Traceback (most recent call last):
  File "myFileReader.py", line 41, in <module>
    content = input.read()
  File "/usr/lib/python3.2/codecs.py", line 300, in decode
    (result, consumed) = self._buffer_decode(data, self.errors, final)
UnicodeDecodeError: 'utf8' codec can't decode byte 0xe2 in position 11: invalid continuation byte

Lennart Regebro · Accepted Answer · 2011-12-29T05:39:26.187

9

To read a binary file you must open the file in binary mode. Change

input = open(fullpath, "r")

to

input = open(fullpath, "rb")

The result of the read() will be a bytes() object.

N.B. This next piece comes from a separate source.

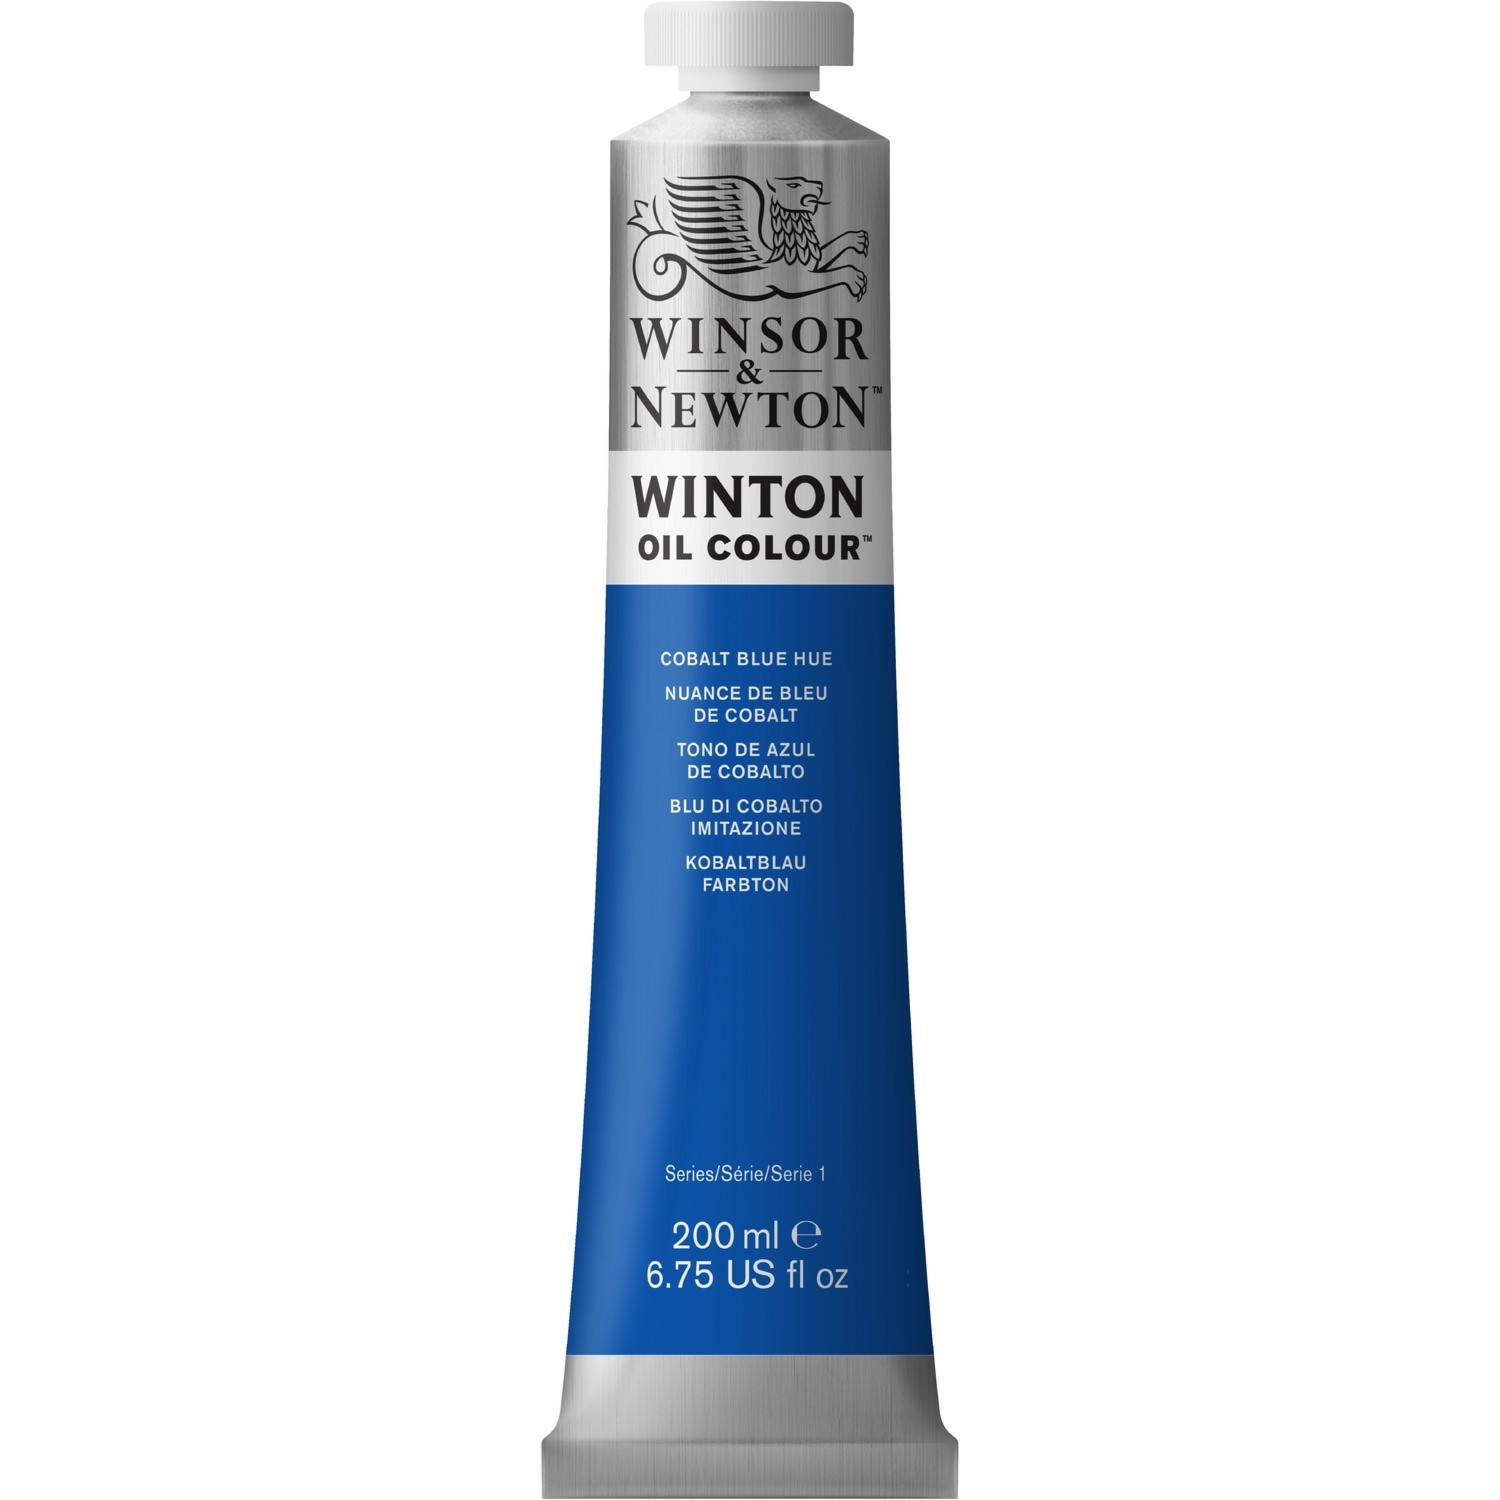 Winsor and Newton 200ml Winton Oil Colours - Cobalt Blue Hue Image 1

edited Dec 29 '11 at 05:39

answered Dec 29 '11 at 04:29

Lennart Regebro

167,292
41
224
251

Tks, Lennart - Yes, this was the secret sauce I needed. Kinda new to Python3! – DrLou Dec 29 '11 at 17:03
It's not actually Python that 3 specific. Binary files should be opened with the 'b' flag in Python 2 as well. – Lennart Regebro Dec 29 '11 at 20:20
1

Yeah, it all seems kinda dumb to me in retrospect - but this is how we idiots learn! You're probably thinking: RTFM! Thanks again for help. – DrLou Nov 03 '14 at 21:17

score 3 · Answer 2 · edited May 23 '17 at 11:46

As some of your files are binary, they cannot be successfully decoded into unicode characters that Python 3 uses to store all strings in the interpreter. Note a large change between Python 2 and Python 3 involves the migration of the representation of Strings to unicode characters from ASCII, which means that each character cannot simply be treated as a byte (yes, text strings in Python 3 require either 2x or 4x as much memory to store as Python 2, as UTF-8 uses up to 4 bytes per character).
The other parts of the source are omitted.